Севильяно – моя родная деревня. В центральной Италии таких много. Холмистая равнина, на которой рассыпались белые каменные домишки с красными крышами. В центре высокая церковь – Дуомо, по сторонам в уходящих вверх предгорьях – сады, виноградники.
Когда я выйду на пенсию, я куплю здесь себе кусочек земли с маленьким домиком. На участке Клаудия обязательно посадит цветы и цветущий кустарник, а я, как уже говорил, разведу плантацию крыжовника.
Засыпая, я представляю себе картину: круглые, раздавшиеся вширь мощными ветвями кусты, усыпанные мохнатыми красноватыми ягодами. Почему-то эта картина меня успокаивает, и я проваливаюсь в сон, тем более, что очень устал за день и мое не слишком уже молодое тело нуждается в отдыхе.
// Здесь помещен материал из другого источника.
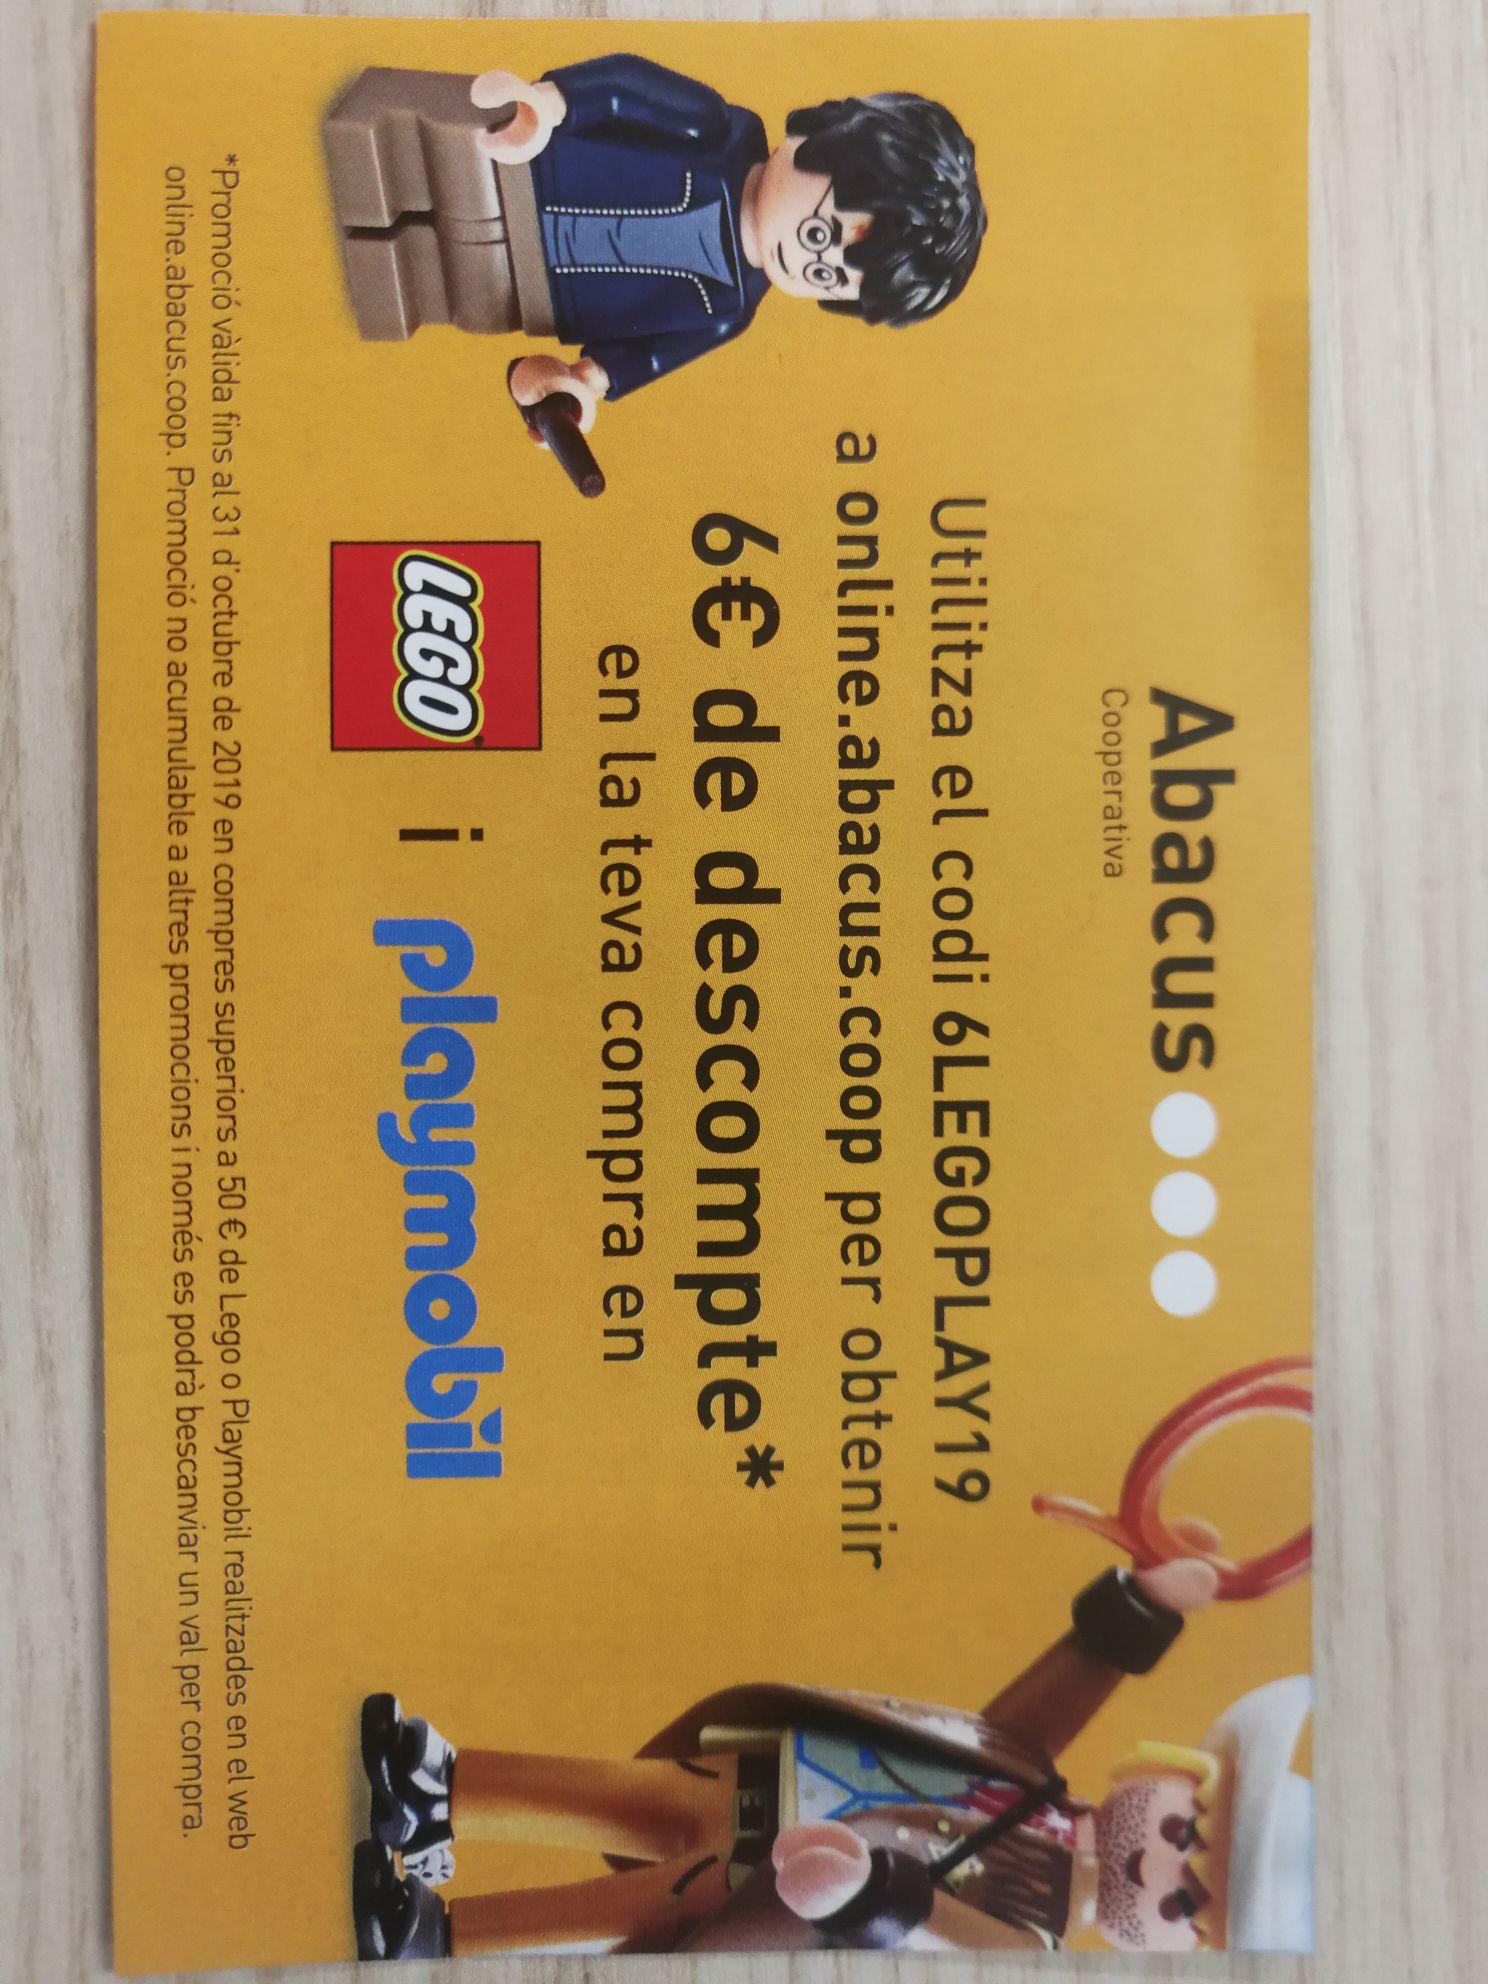 Descuento de 6 euros Lego y Playmobil.

Да, в последнее время я стал чувствовать, что тело уже далеко не так мне подвластно, как казалось совсем недавно. Ну да ничего, поживем еще и порадуемся жизни, как говорил мой покойный отец, простой крестьянин. Здесь в Севильяно, на деревенском кладбище, в семейном склепе, лежат они оба – мама и отец. Здесь же будем лежать и мы с Клаудией и мой брат Франческо.
Вот насчет детей не уверен – они могут разлететься по свету, да и просто могут не захотеть покоиться на простом деревенском кладбище. Лоренцо такое место последнего успокоения наверняка покажется слишком обыденным, неинтересным. Сильвия же над этим вопросом пока не задумывается, ей сейчас надо решать земные дела, например, как разъехаться с несчастным Микеле. Я уже предчувствую, что моя дочь захочет выгнать Микеле из дома, чтобы поселиться там со своим новым мужем. Куда тогда денется Микеле? Ну да ладно, нельзя зацикливаться на таких темах, ничего кроме сердечной боли они не принесут. Да, кладбище.